### INFORMATION PROVIDED
__________
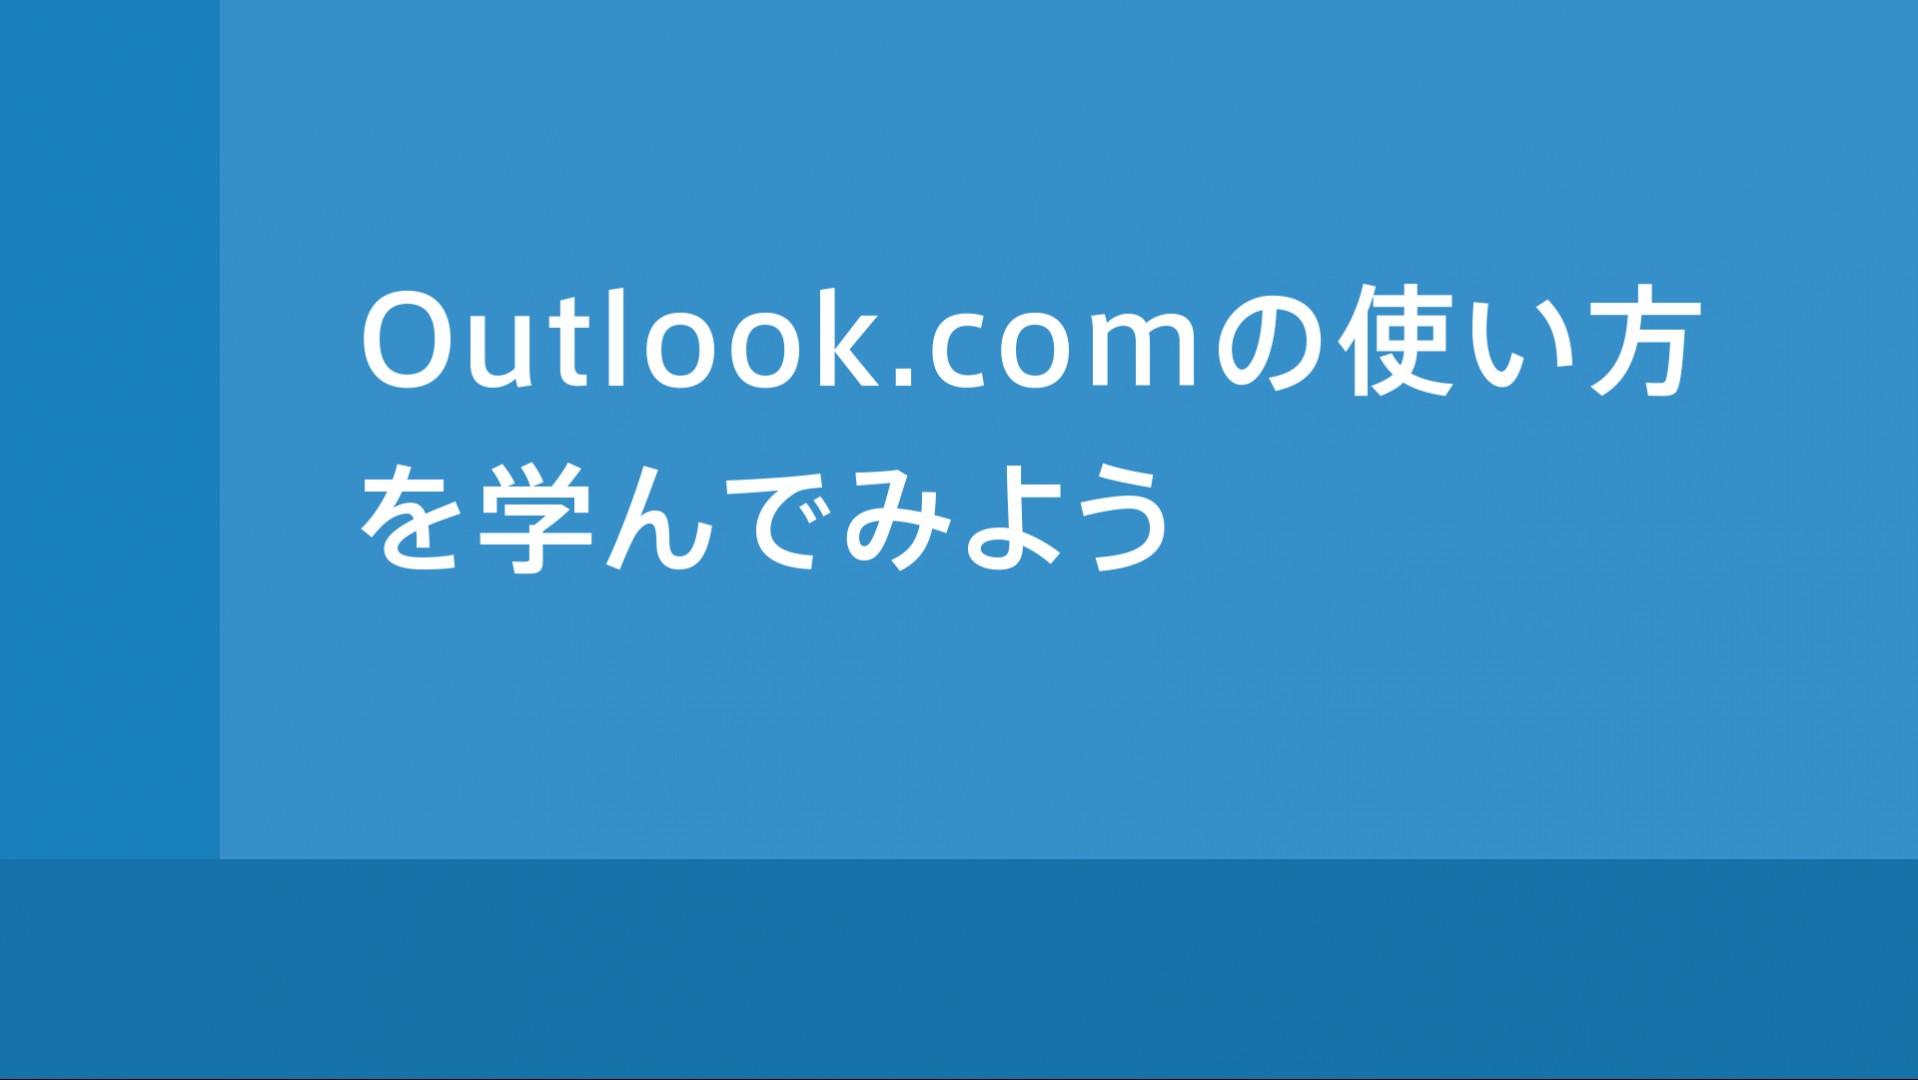 Outlook.com アカウント設定・登録情報を変更する
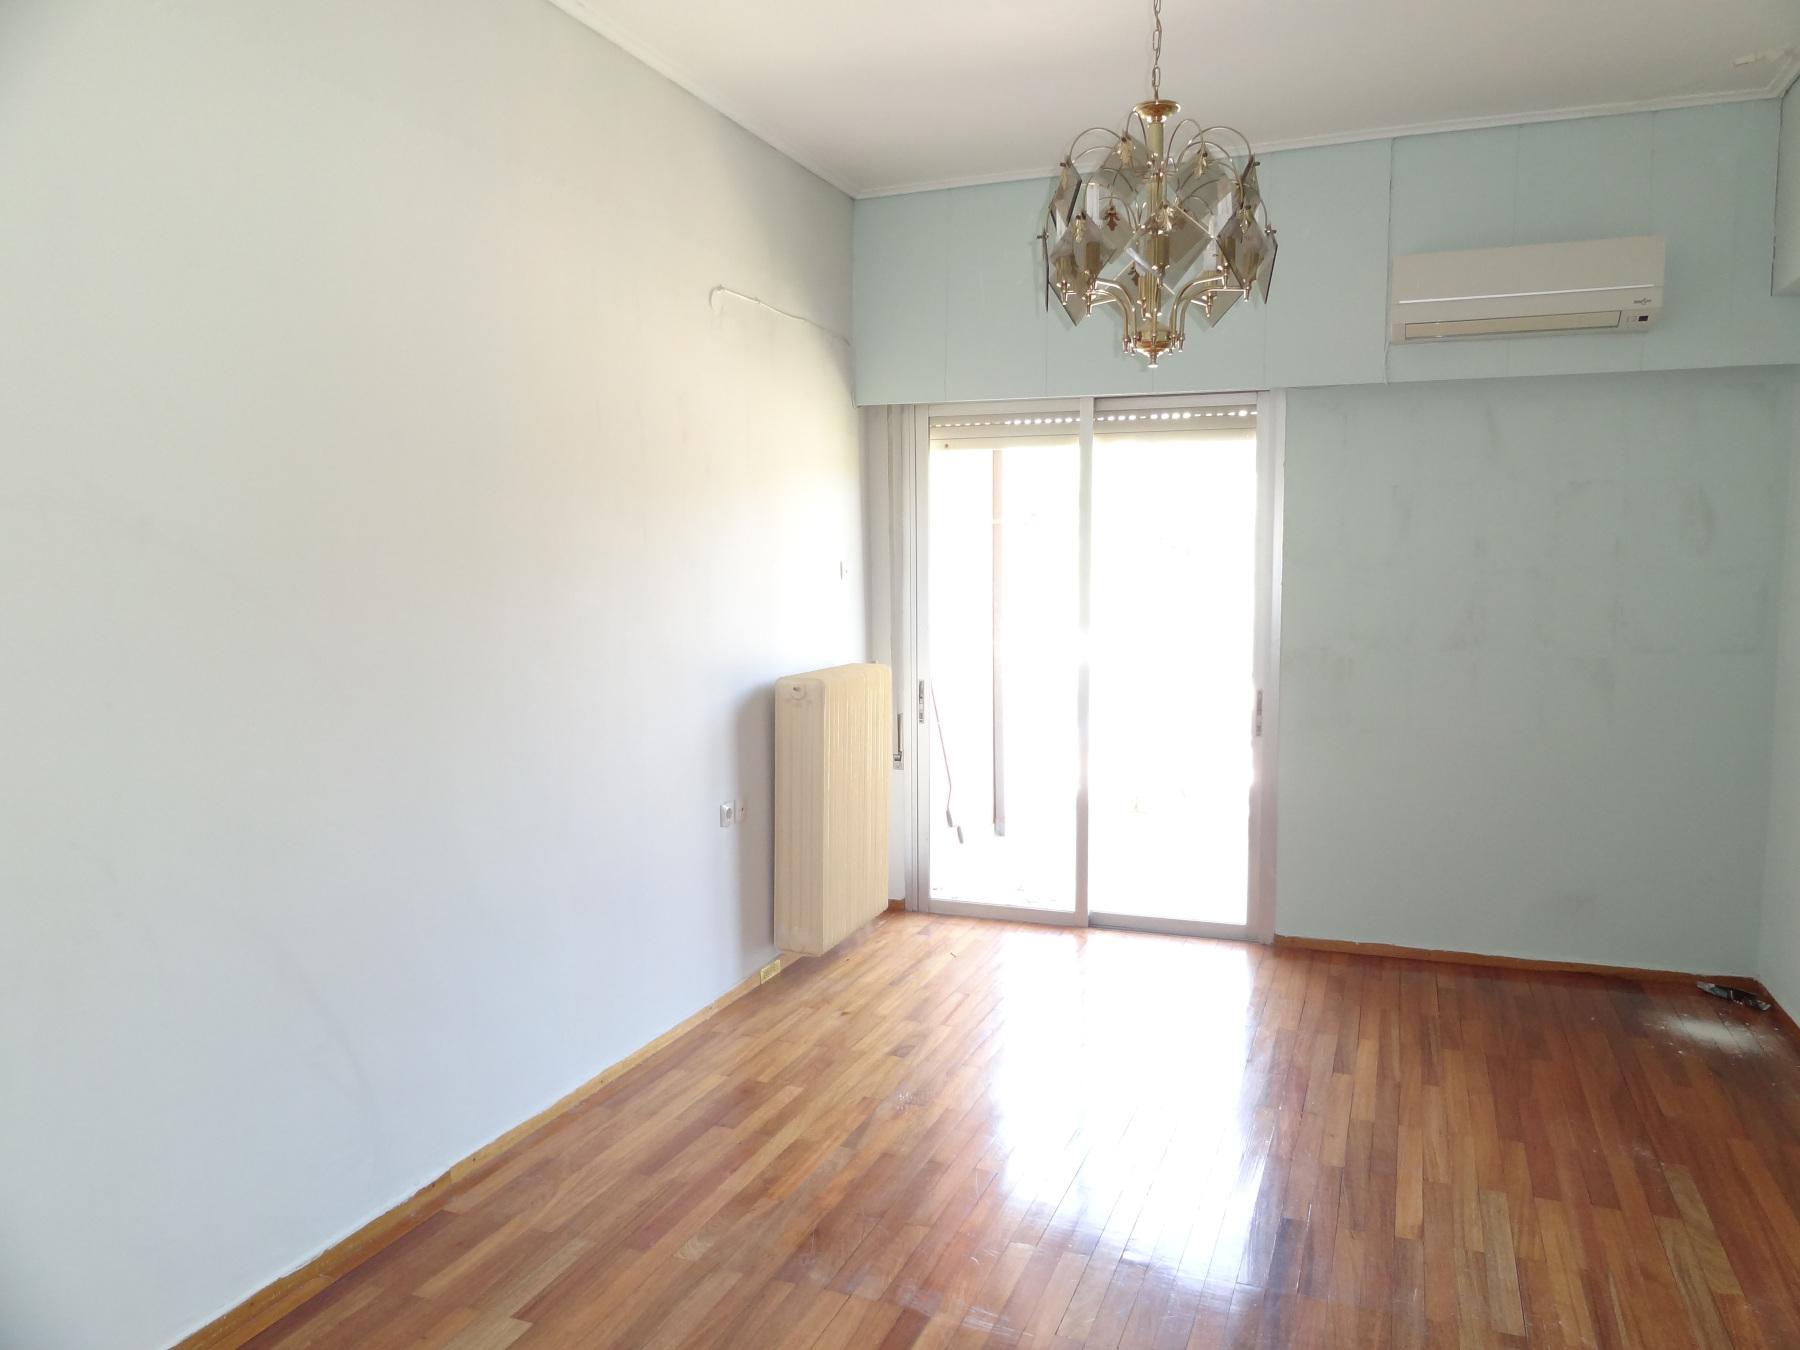 Ενοικιάζεται άνετο 2αρι διαμέρισμα 65 τ.μ. 3ου ορόφου πολύ κοντά στην κεντρική πλατεία Ιωαννίνων
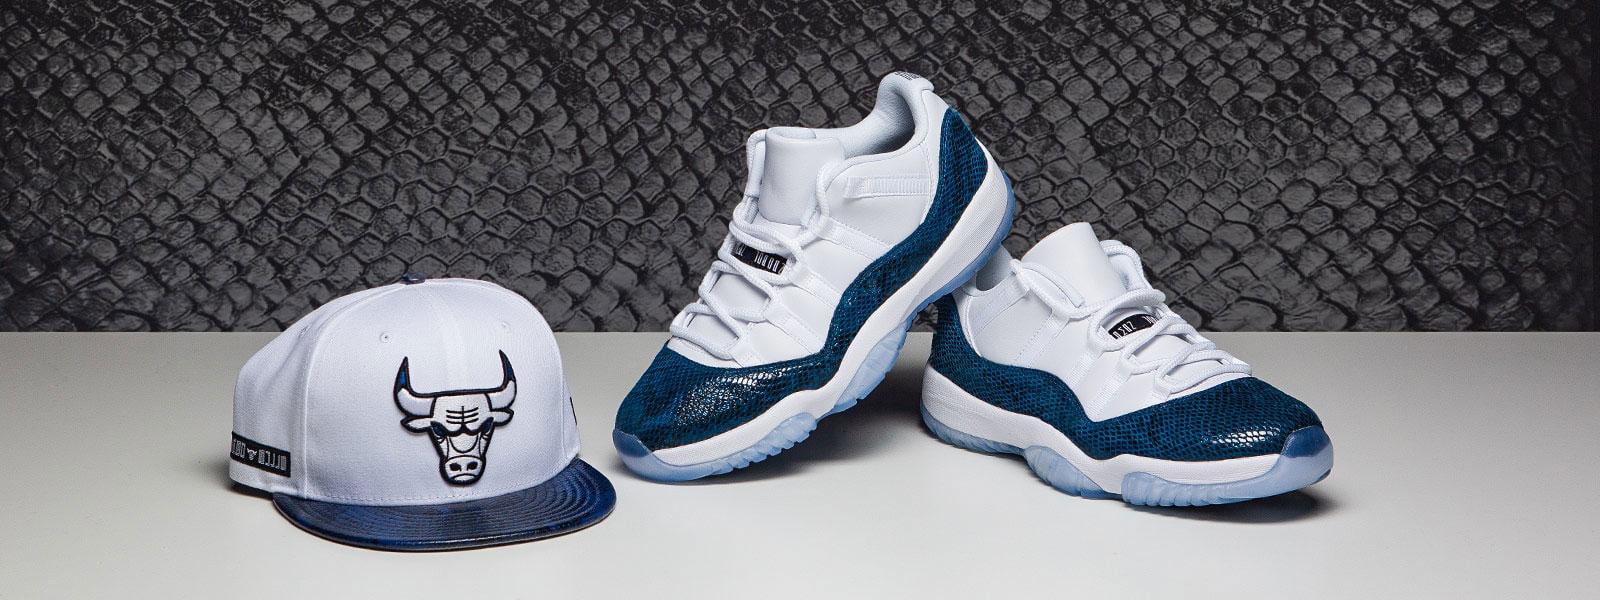 air-jordan-11-low-snakeskin-navy-blue-hat
__________
### REQUIRED WORK
Now repeat exactly the lines from the one with "Ενοικιάζεται άνετο 2αρι" through the end of the listing above, both included, omitting all pictures.

### EXERCISE SOLUTION
 Ενοικιάζεται άνετο 2αρι διαμέρισμα 65 τ.μ. 3ου ορόφου πολύ κοντά στην κεντρική πλατεία Ιωαννίνων
 air-jordan-11-low-snakeskin-navy-blue-hat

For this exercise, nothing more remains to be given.